The tax authority will be limited to the difference between the minimum rate and the tax rate on the payment. The minimum rate for the STTR will be 7.5% to 9%.
- Implementation
Inclusive Framework members will agree and publish an implementation plan that will include GloBE model rules with the appropriate mechanisms to facilitate the coordination of such rules that have been implemented over time, including possible multilateral implementation as with the STTR model. They include also transition rules, including the possibility of a deferred implementation of UTPR. Pillar Two should enter into force in 2022 and start to apply in 2023.
4. Final Words
According to the OECD, the new paradigm of international taxation of corporate income brings important benefits. Under Pillar One, it is estimated that taxation rights in respect of more than $ 100 billion of profits will be reallocated annually to market jurisdictions. In addition, the global minimum corporate income tax under Pillar Two was projected to collect, per year, about $ 150 billion in additional tax revenue. There are also benefits from the stabilization of the international tax system and greater tax certainty.
In this context, the Latin American countries should take advantage of the collection opportunities posed by the new international taxation paradigm, given that they are important markets for MNEs (Pillar One) as well as to counteract the BEPS practices of MNEs and the subsequent collection losses of the corporate income tax, which results from one of the main sources of tax revenue (Pillar Two). Some voices (Latindadd, TJN, Oxfam) warn about the need to raise the minimum rate and also about the privilege that this pillar two would grant to developed countries, headquarters of the main parent companies (IIR rule). The average corporate income tax rate is relatively high (above 15%, except for Paraguay), therefore, incentives to relocate income may persist. Finally, this opportunity will allow countries to compete for investment without sacrificing tax revenue.
[1]The list of subscribers can be consulted at: https://www.oecd.org/tax/beps/oecd-g20-inclusive-framework-members-joining-statement-on-two-pillar-solution-to-address-tax-challenges-arising-from-digitalisation-july-2021.pdf.

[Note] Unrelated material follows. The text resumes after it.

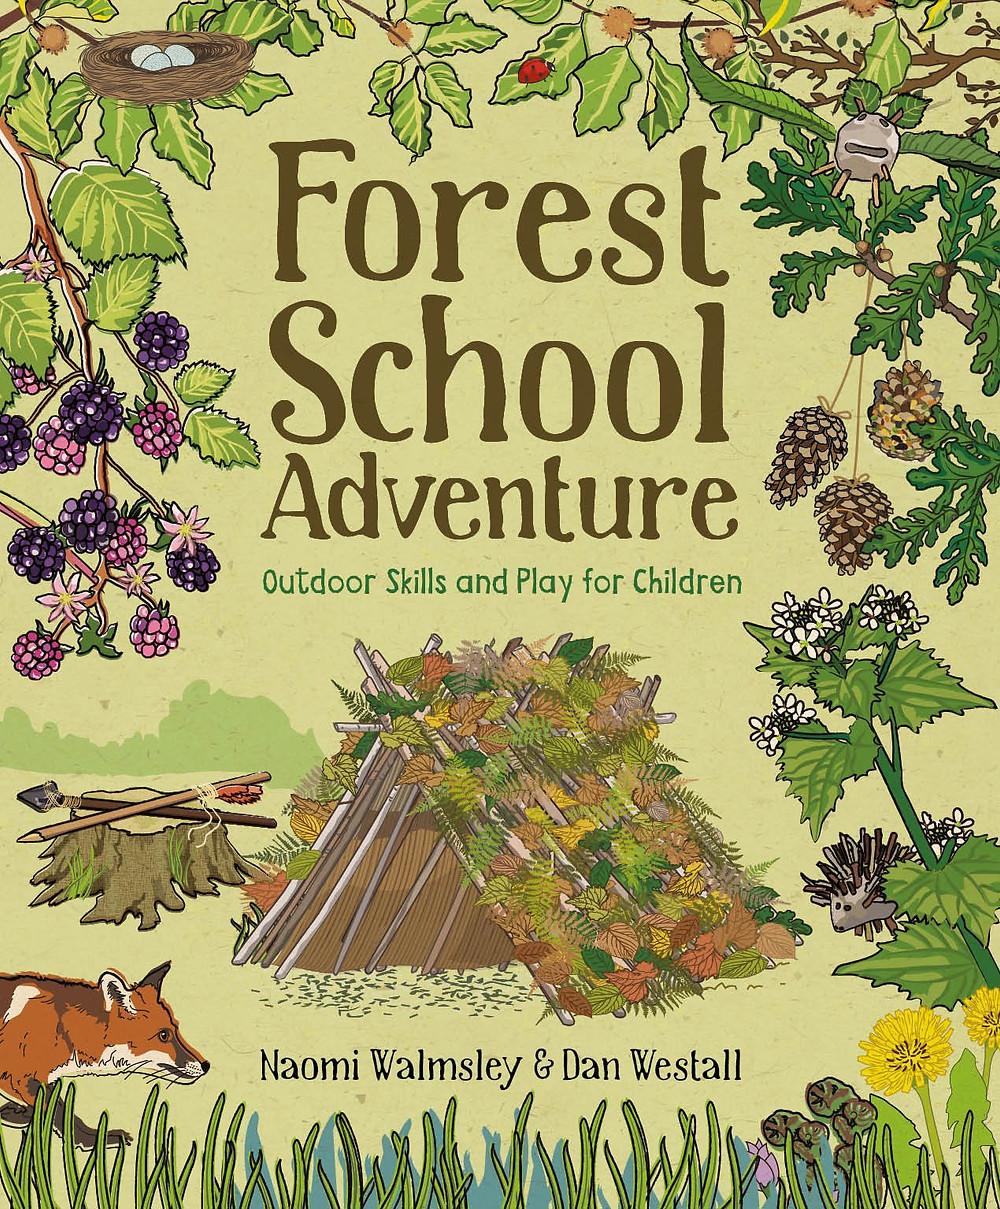 book - forest school adventure
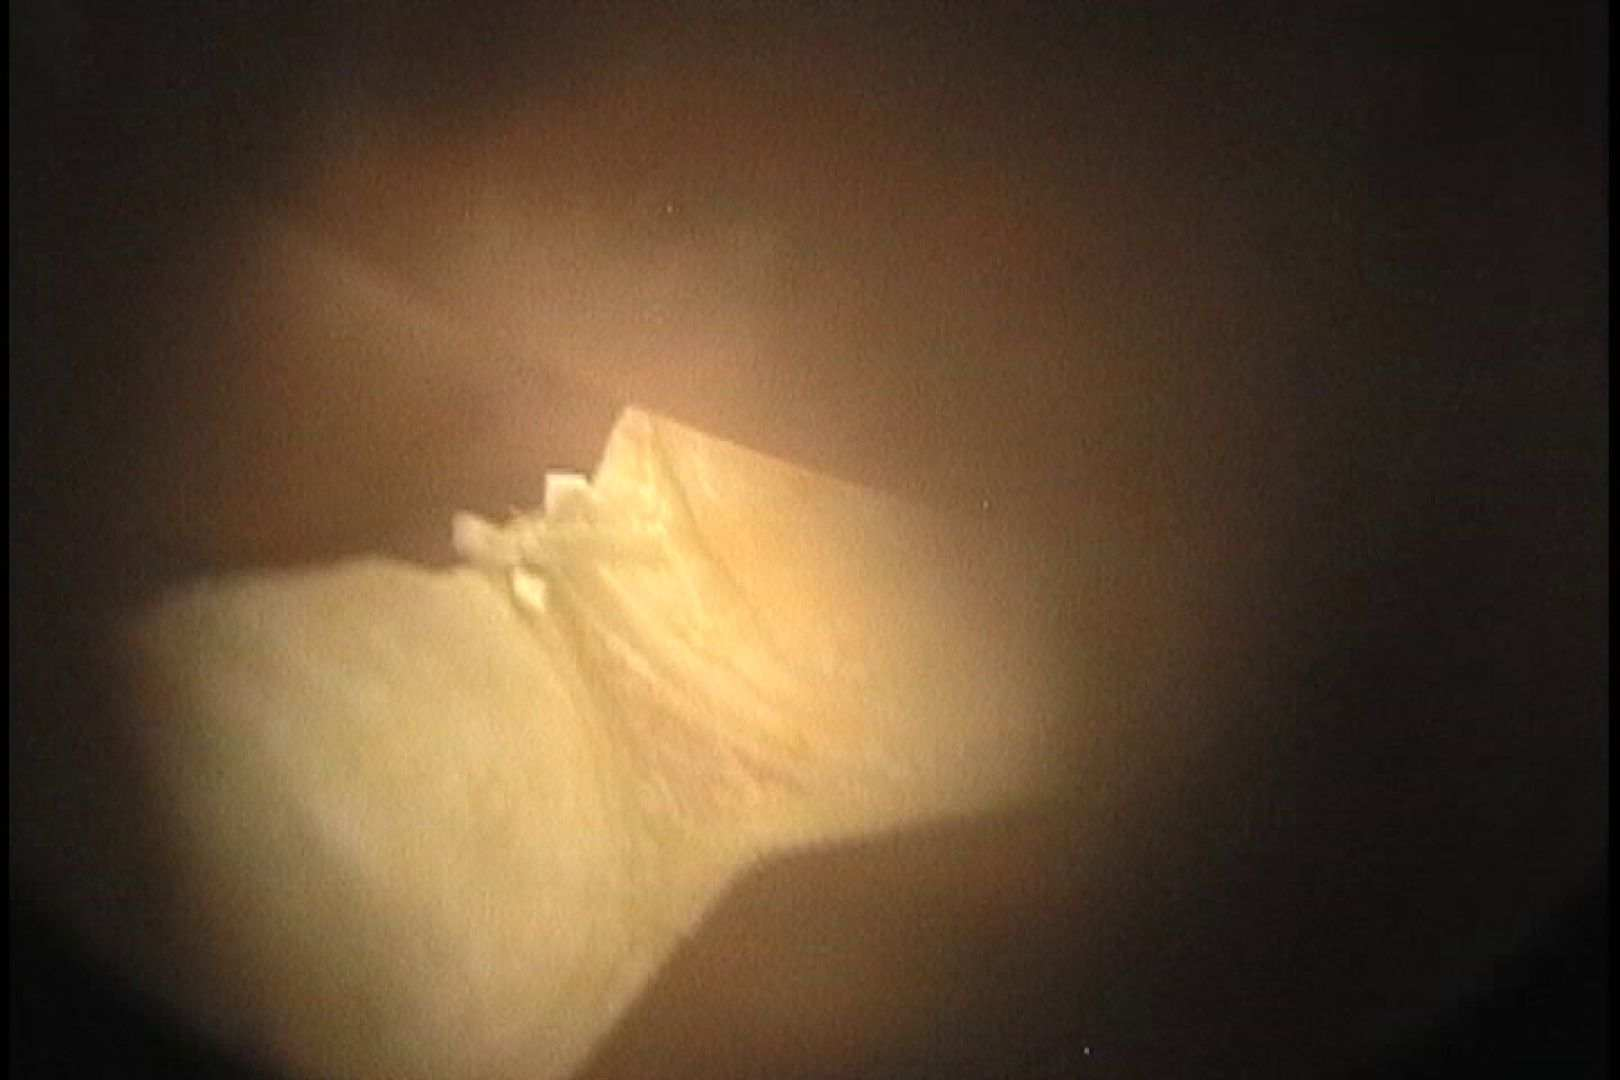 No.27 ロケットオッパイ、モジャモジャの奥に薄っすらとスジが! 接写  55PIX 49

[2]Regulated and extractive financial services are excluded.
[3]Including the tax certainty on Amount A, with the relevant review as of 7 years after the entry into force of the agreement and completion of the review in no more than one year.
[4]According to the design in the previously published blueprint in relation to pillar 1, it was estimated to reach 2,300 companies.
[5]GDP less than 40 billion euros.
[6]As determined in BEPS Action 13 (country-by-country reports)
[7]Government entities, international organizations, non-profit organizations, pension funds or investment funds that are ultimate parent entities (UPE) of an MNE Group or any holding vehicle used by said entities, organizations, or funds are not subject to GloBE rules.
[8]With respect to existing tax distribution systems, there will be no additional tax liability if profits are distributed within 3-4 years and are taxed at or above the minimum level.
[9]“Global intangible low-taxed income” seeks to neutralize in some way the exemption on dividends in the cases in which it applies to North American shareholders, who must tax – at a determined effective rate – the “intangible” income – excess of the income obtained above a “tangible” profit, represented by an established return on tangible assets – obtained by foreign corporations at the time of accrual.